Please select your location and preferred language where available.
Image Retrieval Reflecting User Preferences
April 21, 2025
Foundation models*1, which are trained on various data at scale, have been playing an important role in the deep learning field nowadays due to their high prediction accuracy. Properly utilizing the foundation models is able to improve applications’ performance, without spending high-cost resource in specific model training. Image retrieval is a highly-demanded technique which can be found applied in various systems such as e-commerce, data management, and knowledge management. Built with foundation models, image retrieval can generally function well without extra training cost, but it is usually lack of the ability to customize retrieval results according to user’s preferences.
*1 Foundation model: A foundation model is a deep learning neural network which is trained on a huge amount of data and is able to be adapted to various general tasks such as natural language processing and image generation.
This research is to make foundation-model-based image retrieval able to handle various user’s preferences. We propose an interactive image retrieval solution, which utilizes CLIP[2], one of the high performance visual foundation models, for image processing, and we utilize relevance feedback, one of the user feedback gathering methods, for user’s preference collection.
The system first displays the images, which are retrieved from the database and are determined similar to the query image based on the foundation model. Then the system gets feedback (i.e., whether the retrieved image is what user prefers) of top-ranked retrieved images from the user, as shown in Figure 1. Based on the collected feedback, the system learns user’s preference by building a nearest-neighbor predictor (1-NN, short for 1-Nearest Neighbor predicator), as shown in Figure 2. For each retrieved image, the nearest-neighbor predictor finds the nearest image in the result feedback database shown in Figure 1, and judges whether the retrieved image is what user prefers based on the collected feedback of the nearest image.

As shown in Figure 2, the system can align the retrieval results to user’s preference by utilizing the learned nearest-neighbor predictor (1-NN) to filter out the less favored images. In the explanation above, feedback collected in Figure 1 is used for filtering images retrieved from the same database. However, it is worth noting that feedback collected in Figure 1 can also be used for filtering images retrieved from other similar database, i.e., DB in Figure 2 can be similar to but different from DB in Figure 1, implying reusability of the collected feedback.

To demonstrate the effectiveness of the proposed, we carefully execute three evaluation tasks, representing different use cases with various user preferences: (1) the user wants images containing the same kind of object as in the query image (e.g., a donut and a banana are in the query image, and the user prefers images with any donut in them but dislikes images with only banana in them); (2) the user wants images containing an object sharing a specific property with the query image (e.g., shiny shoes are in the query image, and the user prefers shiny shoes but dislikes dim shoes); (3) the user wants images containing the same object as in the query image while some property revised (clean clothes are in the query image, and the user prefers dirty clothes but dislikes clean clothes).

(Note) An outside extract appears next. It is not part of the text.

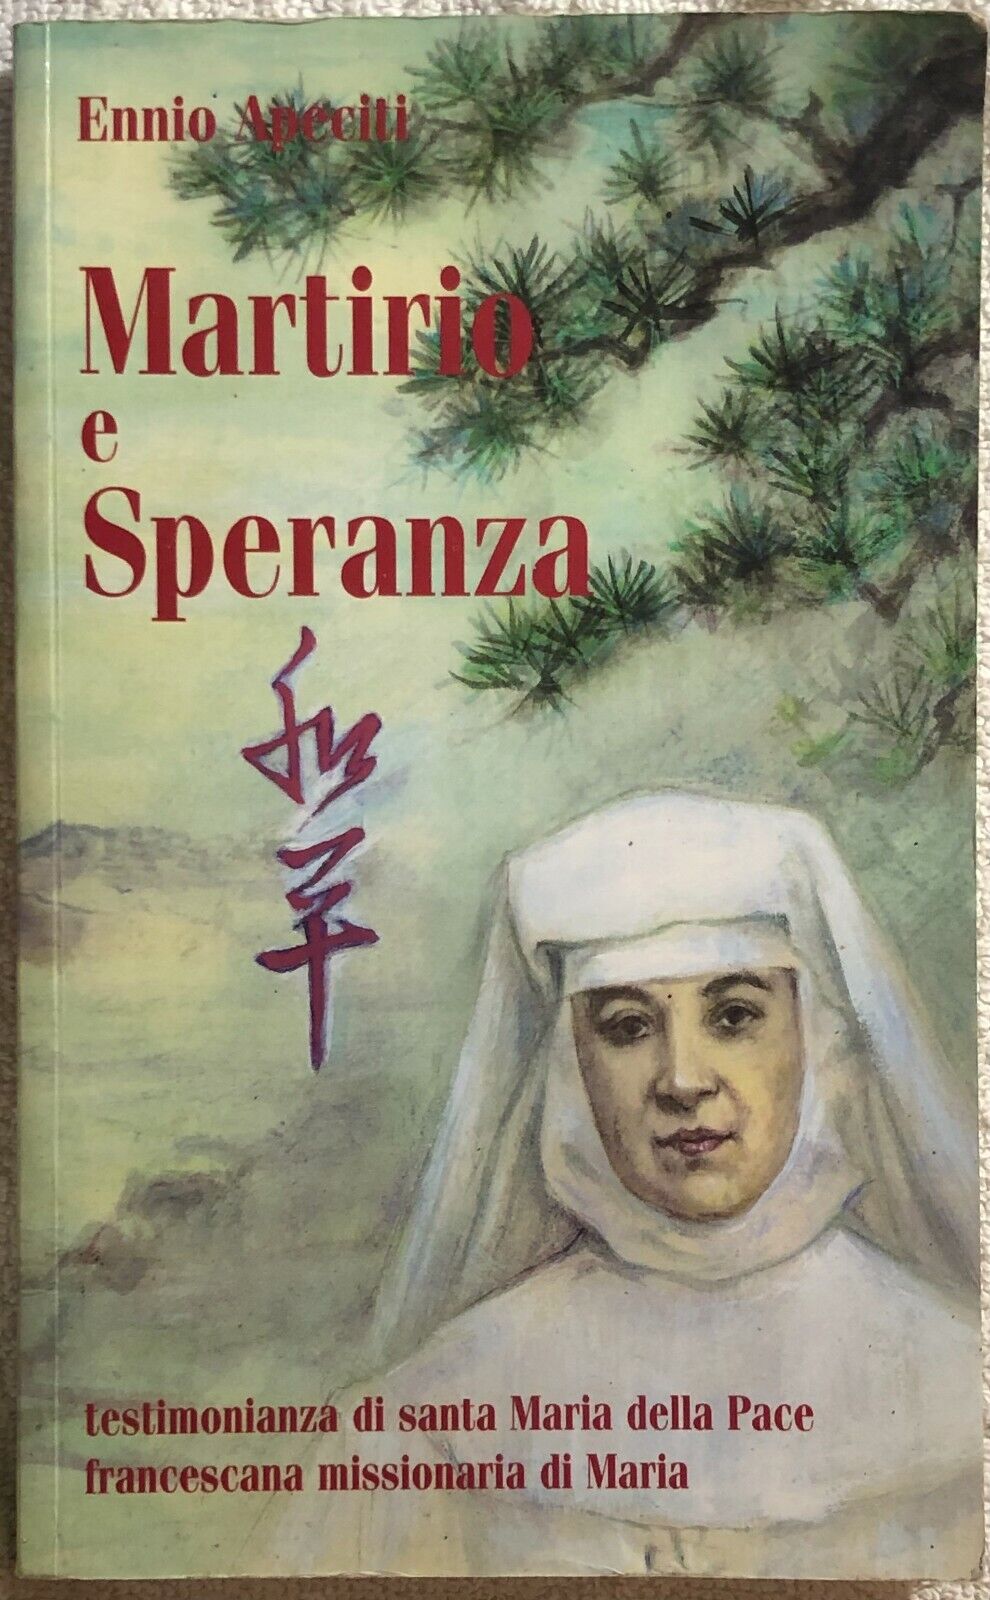 Martirio e speranza di Ennio Apeciti,  2000,  Francescane Missionarie Di Maria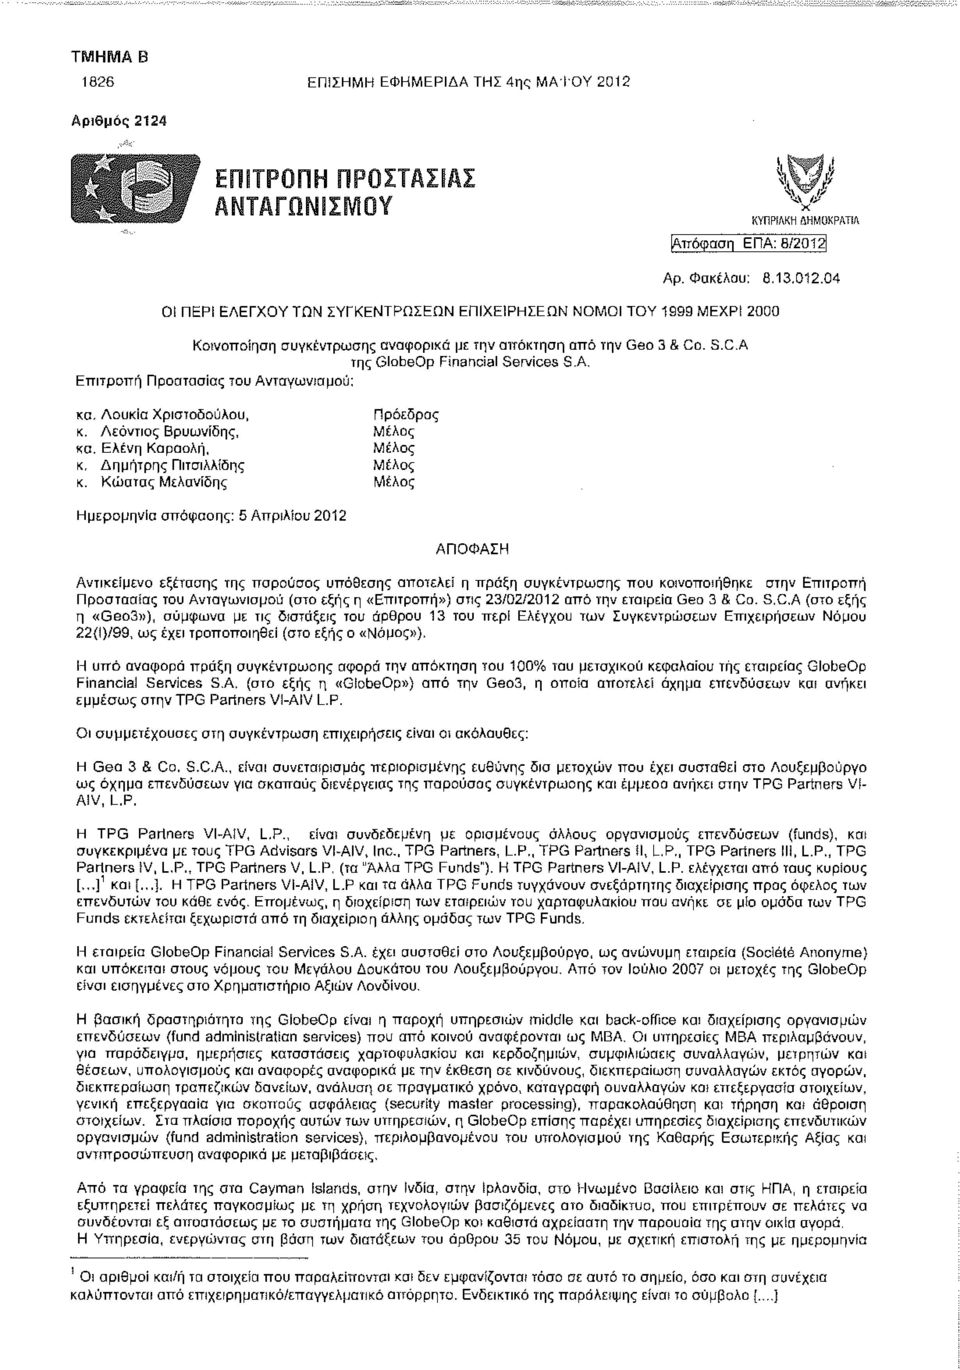 Κώστας Μελανίδης Μέλος Ημερομηνία απόφασης: 5 Απριλίου 2012 ΑΠΟΦΑΣΗ Αντικείμενο εξέτασης της παρούσας υπόθεσης αποτελεί η πράξη συγκέντρωσης που κοινοποιήθηκε στην Επιτροπή Προστασίας του

It is empirically verified that the proposed system achieves competitive performance on all three tasks. For example, Table 1 shows that the proposed method improves the Recall@1 (i.e., the percentage that the top-ranked image is actually required) of the use case (2) on different datasets[3][4][5].
* Table can be scrolled horizontally.
Approach | Dataset | ||
---|---|---|---|
Fashion-200k | MIT-States | COCO | |
CLIP | 66.1 | 37.9 | 49.7 |
Ours | 74.3 | 47.1 | 58.4 |
With the proposed approach, we successfully leverage the foundation model CLIP and relevance feedback technique to in general provide image retrieval results better aligned to user’s preferences.
This research is in collaboration with the University of Tokyo.
This material is a partial excerpt and a reconstruction of Ref. [1] ©2024 Springer.
Company names, product names, and service names may be trademarks of third-party companies.
This achievement was presented at Workshop on Traditional Computer Vision in the Age of Deep Learning (TradiCV), in conjunction with European Conference on Computer Vision 2024 (ECCV 2024)[1].
Reference
[1] R. Nara, et al. “Revisiting Relevance Feedback for CLIP-based Interactive Image Retrieval”, Computer Vision – ECCV Workshops, 2024.
[2] A. Radford, et al. “Learning transferable visual models from natural language supervision”, International conference on machine learning (ICML). PMLR, 2021.
[3] X. Han, et al. “Automatic spatially-aware fashion concept discovery”, Proceedings of the IEEE international conference on computer vision (ICCV). 2017.
[4] P. Isola, et al. “Discovering states and transformations in image collections”, Proceedings of the IEEE conference on computer vision and pattern recognition (CVPR). 2015.
[5] T.Y. Lin, et al. “Microsoft coco: Common objects in context”, Computer Vision – ECCV 2014.